Although I love macro investment strategies, this is one example of why macro calls are so dangerous. Seth Klarman discusses this in "Margin of Safety." He basically argues that the problem with macro bets is that you not only have to be right on the overall economic direction of the global economy (which is influenced by numerous political and economic factors), you also have to be perfect on timing. Accomplishing both is very difficult, and if you are wrong on either one, the mistake could cost you everything. Klarman thus believes that the safest approach to investing is research-driven bottoms-up approach rather than top-down. I see a lot of merit in his points although I personally find fundamental equity research quite boring.
If you've read some of Hussman's latest letters, you'll know it's been ugly for a while. He needs to invest given the current situation, not the situation he wishes existed.
Great post
Donny and Stevie Yacktman... killing it...
It should be noted that the Yacktmans typically hold less than 35 positions in their funds (their other fund, Yacktman Focused YAFFX, is extremely similar but even more concentrated). Most traditional large cap stock funds hold hundreds. Hussman (as of a few months ago) holds 117.

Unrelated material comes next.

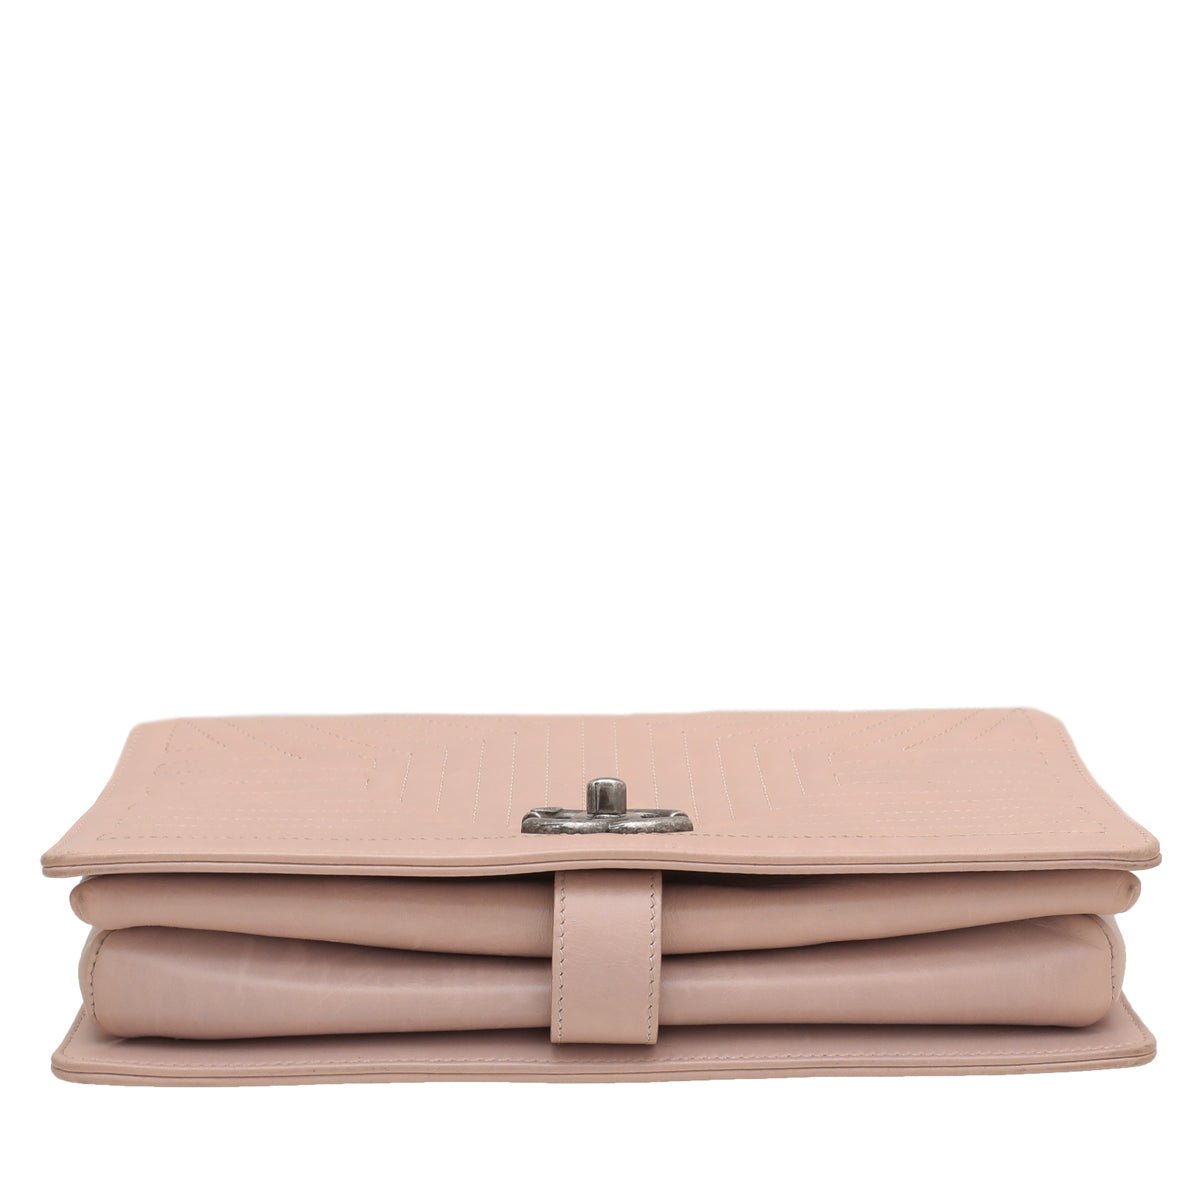 The Closet - Chanel Beige Poudre Geometric CC Full Flap Bag | The Closet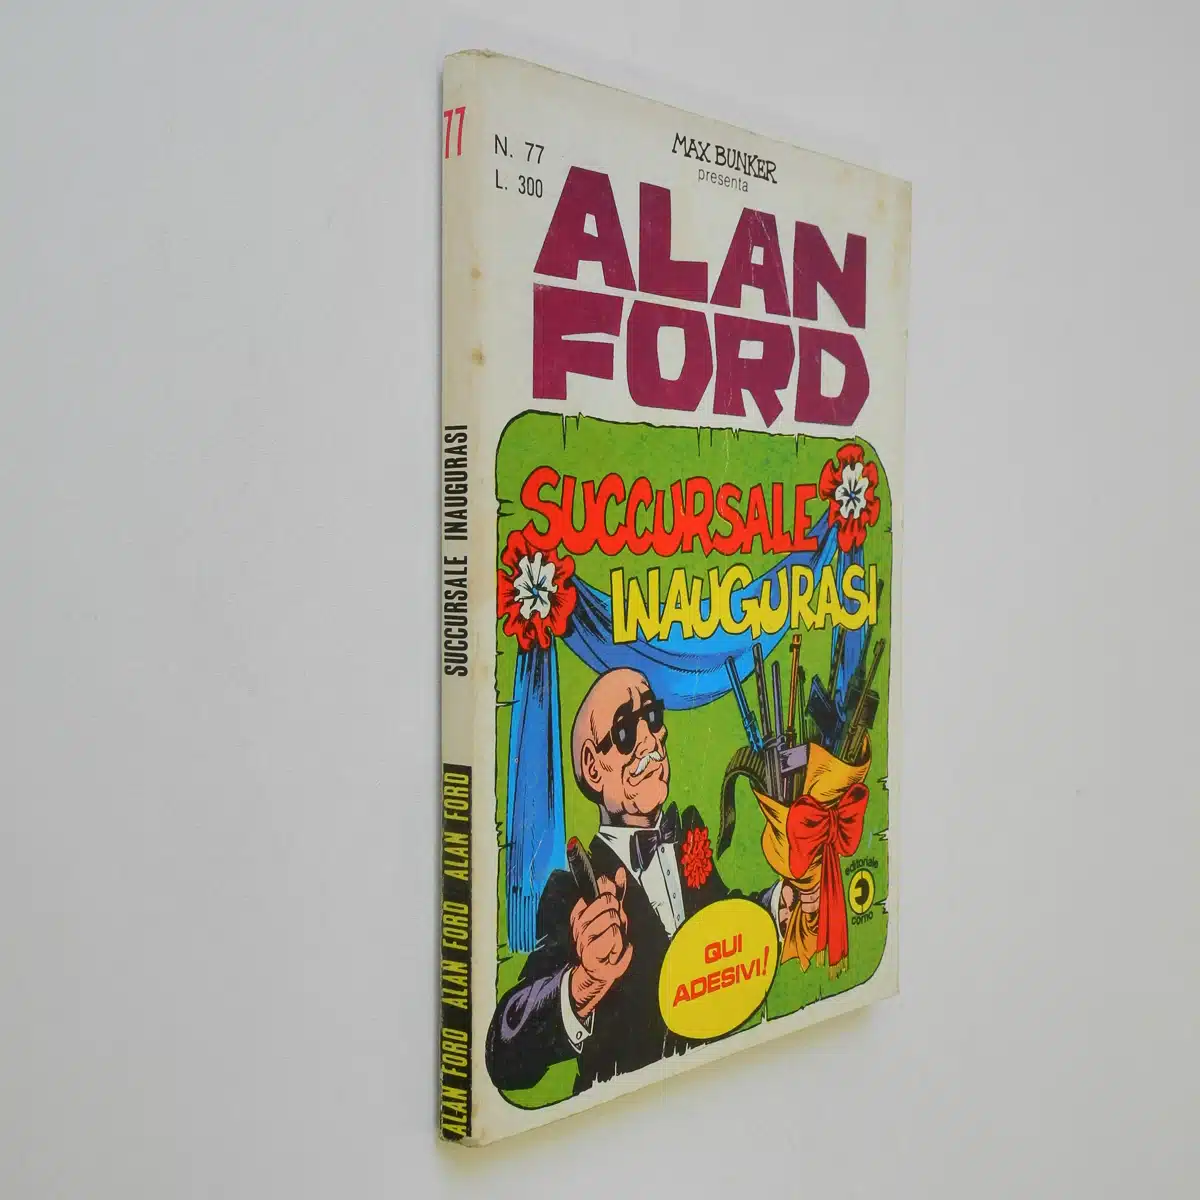 Alan Ford n. 77 con Adesivi Succursale inaugurasi

While I don't think the Yacktmans ever short equities or hedge their long positions, they have been known to hold cash (if memory serves me correctly I think they probably held 20% cash in 2008), which is also relatively unique among traditional large cap stock funds.
As Morgan Stanley, KKR, and others roll out "retail" alternative investment/HF-like strategies in '40 act mutual funds, I'm interested to see how much value they add. There seems to be huge opportunity there, but many who have made forays into this space thus far (Hussman being one) have yet to capitalize on it partly due to bets like this.
Yacktman is heavily concentrated and just better, which is probably the best explanation I could give you. The market's done extremely well since '09 and on average he's a better investor than the market so he's outperformed heavily. Hussman is more of a pussy and hedged so he lost most of that long exposure trying to be smart/fancy.